Of the lines in the material below, print only those from the one containing "Ny villa til" to the one containing "Fontainebleau - La", ends included, exactly as written and without pictures.

→ **Dataset excerpts**:

========================================================================

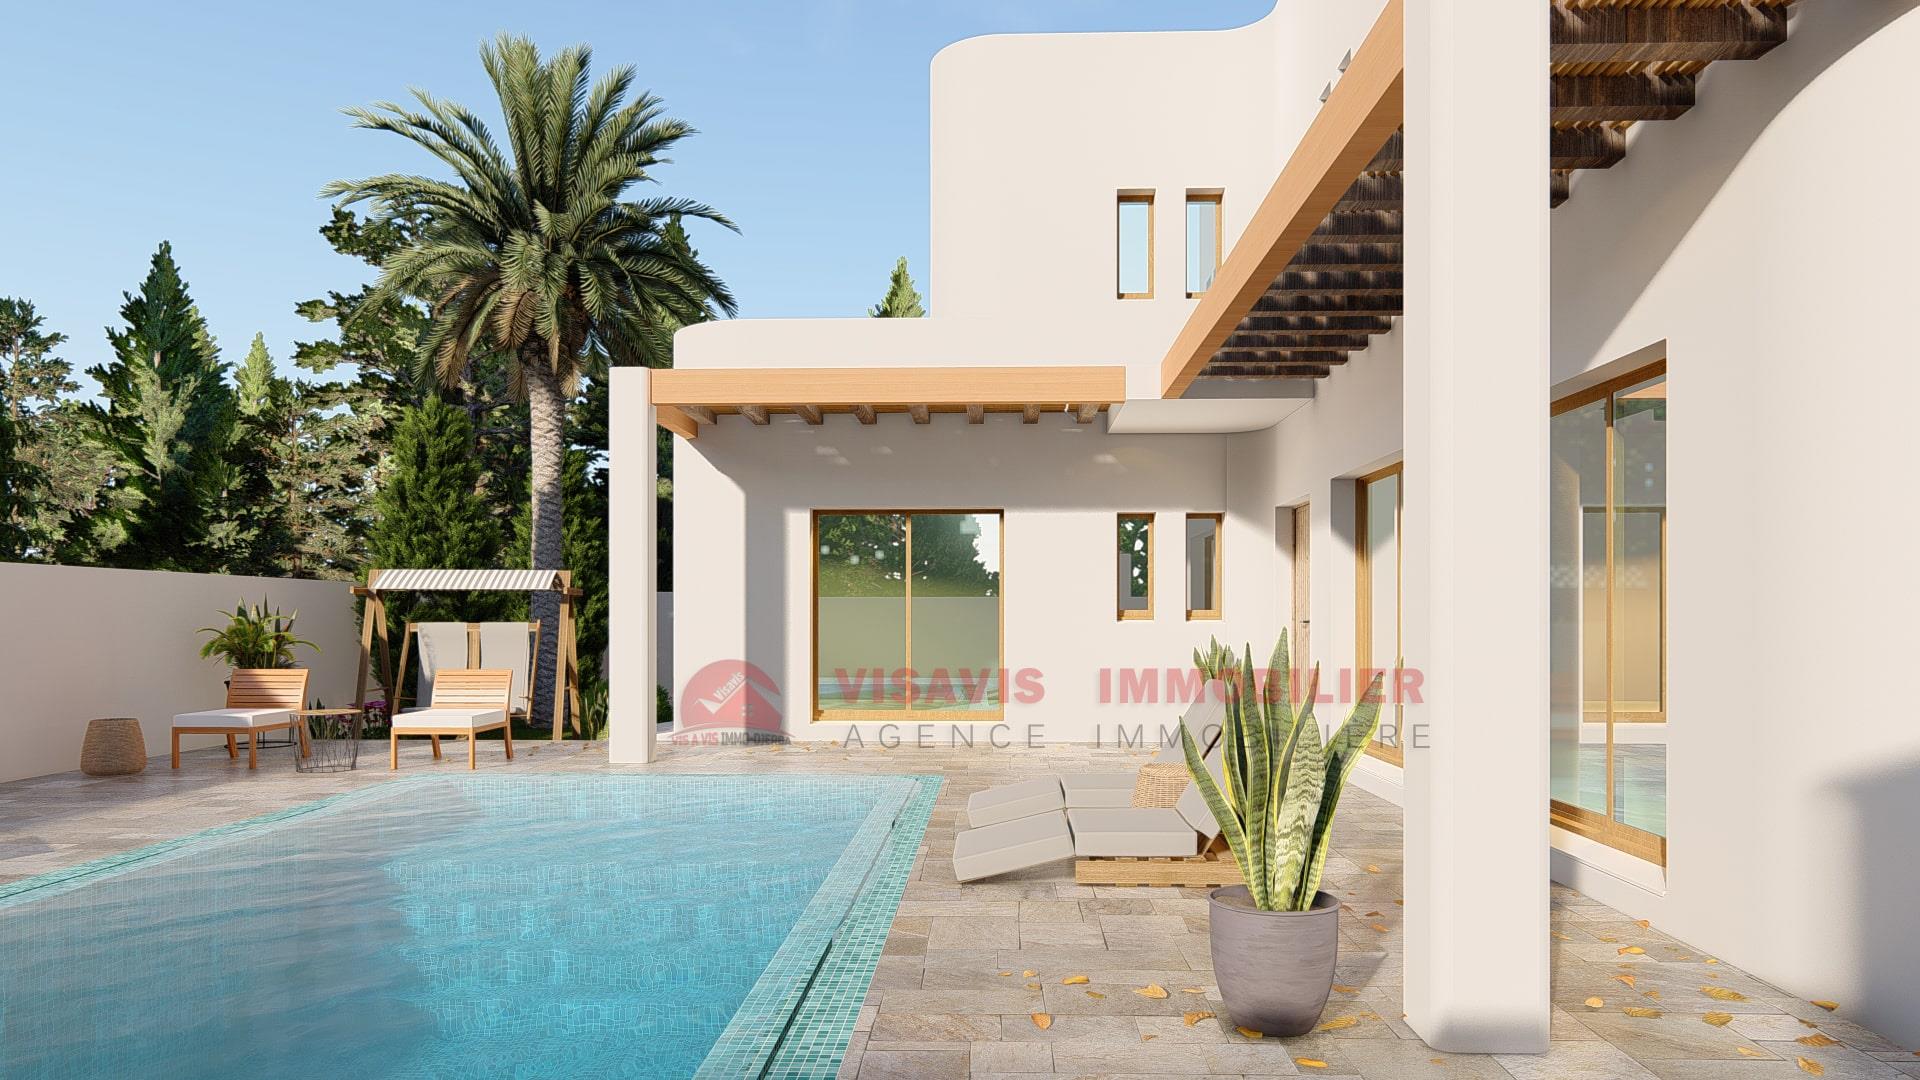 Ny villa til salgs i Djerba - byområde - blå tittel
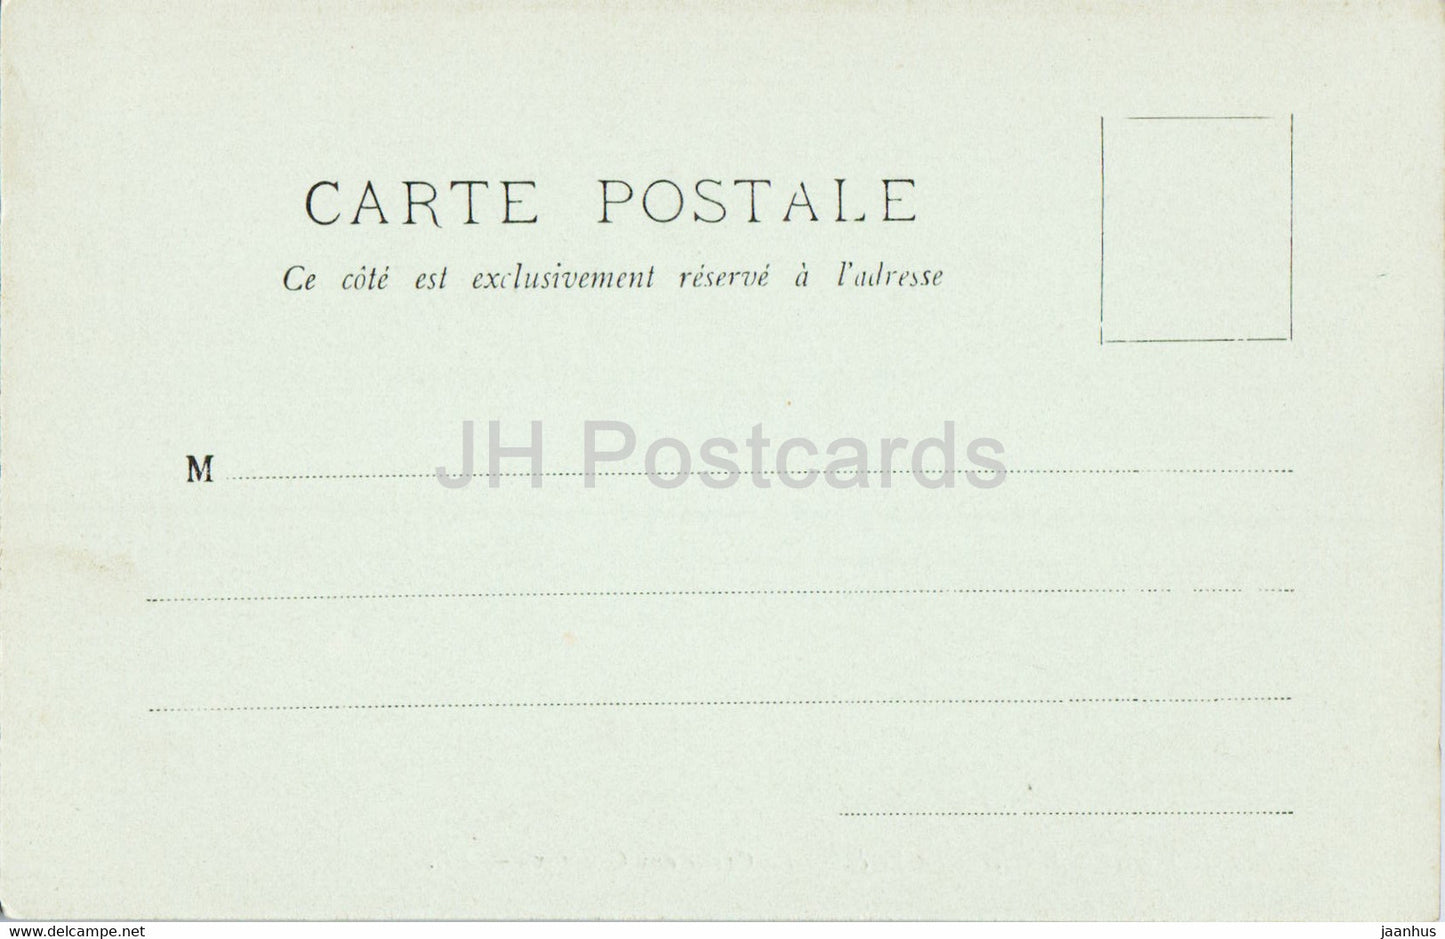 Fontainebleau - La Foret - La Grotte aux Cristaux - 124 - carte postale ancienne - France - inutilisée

========================================================================

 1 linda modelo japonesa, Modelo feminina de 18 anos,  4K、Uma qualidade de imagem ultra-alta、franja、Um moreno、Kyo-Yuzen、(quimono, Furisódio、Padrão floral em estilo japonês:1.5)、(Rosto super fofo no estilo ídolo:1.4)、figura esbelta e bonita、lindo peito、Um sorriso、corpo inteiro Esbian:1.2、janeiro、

========================================================================

→ **Answer to the exercise**:
 Ny villa til salgs i Djerba - byområde - blå tittel
 Fontainebleau - La Foret - La Grotte aux Cristaux - 124 - carte postale ancienne - France - inutilisée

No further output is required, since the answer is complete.